If successful, AirAsia X will be the biggest IPO in Malaysia so far this year, according to Dealogic. It is also the first deal of size for the Malaysian market since the general elections on May 5, when the ruling coalition won a thin majority to extend its decades-long rule of the country. Many observers have noted that the outcome of the election would be a key factor in deciding the direction of deal flow this year.

There have been five IPOs completed so far this year in Malaysia for a combined deal value of $335 million, with Cliq Energy’s $118 million offering in April being the biggest among them, the data show.

AirAsia X
The AirAsia X offering comprises 790.1 million shares, which represent 33.3% of the enlarged share capital, for a price between M$1.15 and M$1.45 each, set to raise up to $370 million, according to the term sheet. The deal consists of 75% primary shares and 25% secondary shares.
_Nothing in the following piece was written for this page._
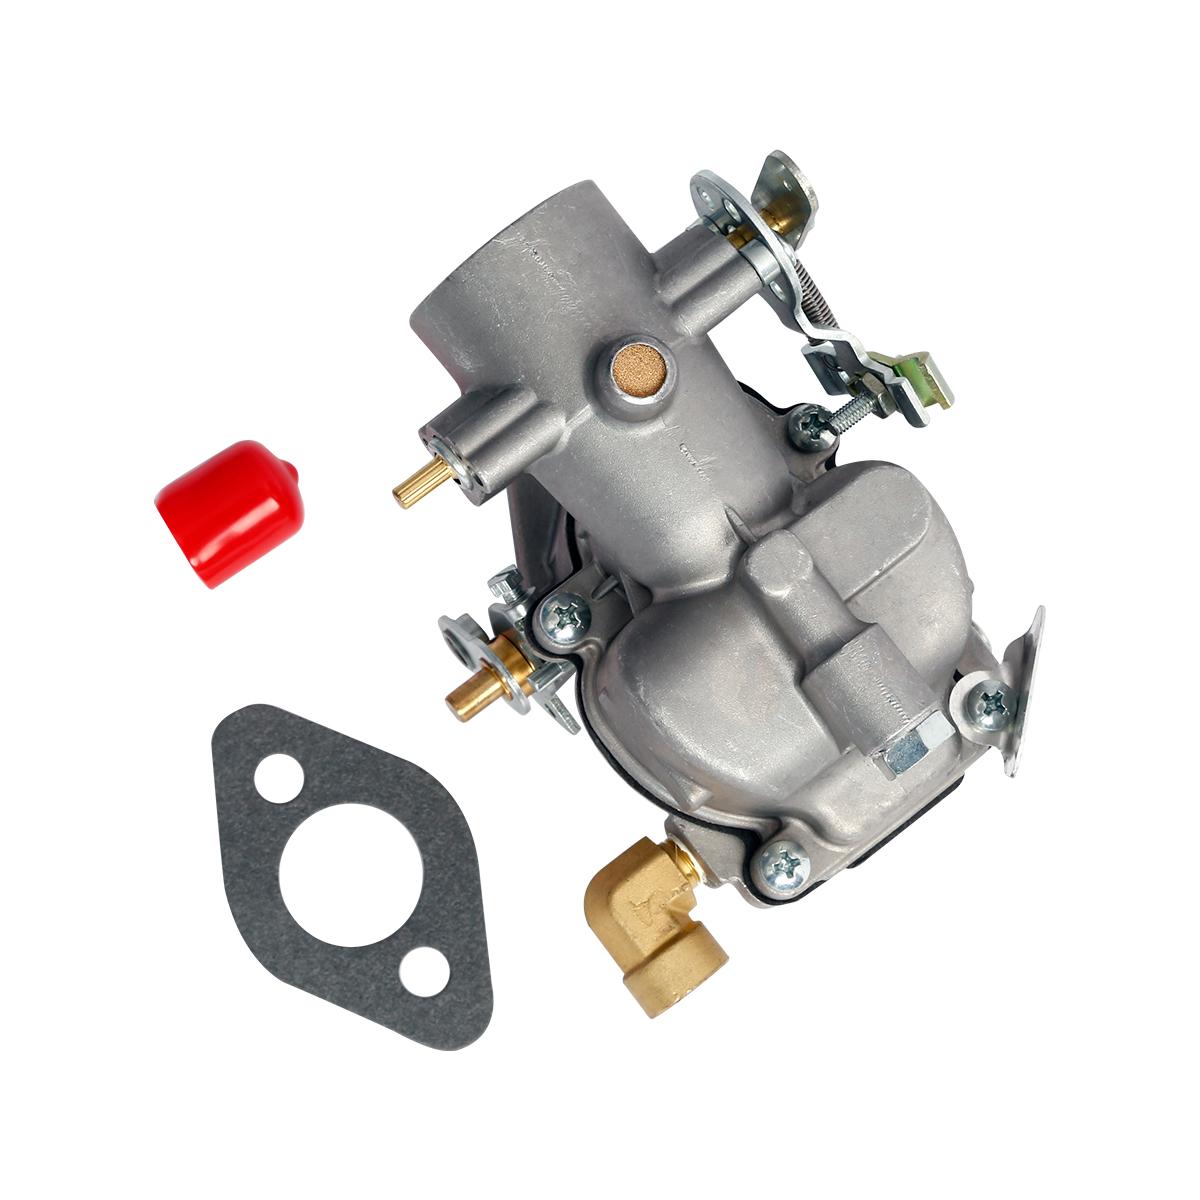 Carburetor for Zenith 70949C92 71523C93 70949C91 MFG 13781 13794 old Cub tractor

Some 68.1% of the shares are targeted at institutions, while the remaining 31.9% are offered to retail investors.

The deal comes with a greenshoe option of up to 15%, which will be all secondary shares, and if exercised in full could increase the size of the deal to as much as $426 million.

The price range values AirAsia X at a 2013 price-to-earnings ratio of between 18.7 times and 23.6 times, sources say.

One of its key comps is AirAsia, they say, which is trading at a 2013 P/E multiple of around 10.7 times, according to Bloomberg data. Investors will also likely compare it to other airlines such as Thailand-listed Asia Aviation, the holding company of budget airline Thai AirAsia, which is trading around 18.3 times and the Philippines-listed Cebu Air, which is trading around 14.5 times, the data show.

Some of the selling points of AirAsia X is that it is a well-known brand in the region, and it operates in one of the fastest growing markets in the world, according to one source.

The selling shareholders are Aero Ventures, Orix Airline and Manara Malaysia I. They currently own 74.0% of the company, but will see their combined stake reduced to 47.2% after the IPO, according to the company’s draft prospectus. Investment holding company Aero Ventures, which is controlled by AirAsia CEO Tony Fernandes and his partners, currently owns 52.2% of AirAsia X, while Orix Airline and Manara hold 10.9% each.

The airline currently serves 14 destinations across Asia, Australia and the Middle East from its hub in Kuala Lumpur. It operates a fleet of nine A330-300s for scheduled services, and has two A340-300s that are currently wet-leased, according to the draft prospectus. Under a wet lease, the airline leases its aircraft together with a complete crew, maintenance and insurance to another airline. The fleet represents the largest LCC wide-body aircraft seat capacity in the Asia-Pacific region, it says.

The airline says it believes it operates in an underpenetrated home market relative to other major Asian airports in terms of long-haul flights, which provides additional growth opportunities for it to serve some of the world’s largest and fastest-growing aviation markets.

Its passenger volume increased at a compound annual growth rate of 76.8% from 2008 to 2012, and its revenue grew to M$2 billion ($632 million) last year from M$230.7 million in 2008.

CIMB, Credit Suisse, and Maybank are joint global coordinators for the IPO, and Barclays, BNP Paribas, Citi, CLSA, HSBC, and Morgan Stanley join them as bookrunners, according to the sources. At the time of the start of investor education last month, some sources involved in the deal said Morgan Stanley had been added to the global coordinator line-up, but the situation was fluid and that did not turn out to be the case in the end, according to one source yesterday.

The AirAsia X public offering follows the popular IPO of Asia Aviation in May last year, which raised $143 million. AirAsia has also expressed an intention to list its associate Indonesian business. The idea behind the separate listings is to enable its various units to accumulate capital and debt so that they can buy their own aircraft in the future, thus easing the financing burden and leverage at the group level.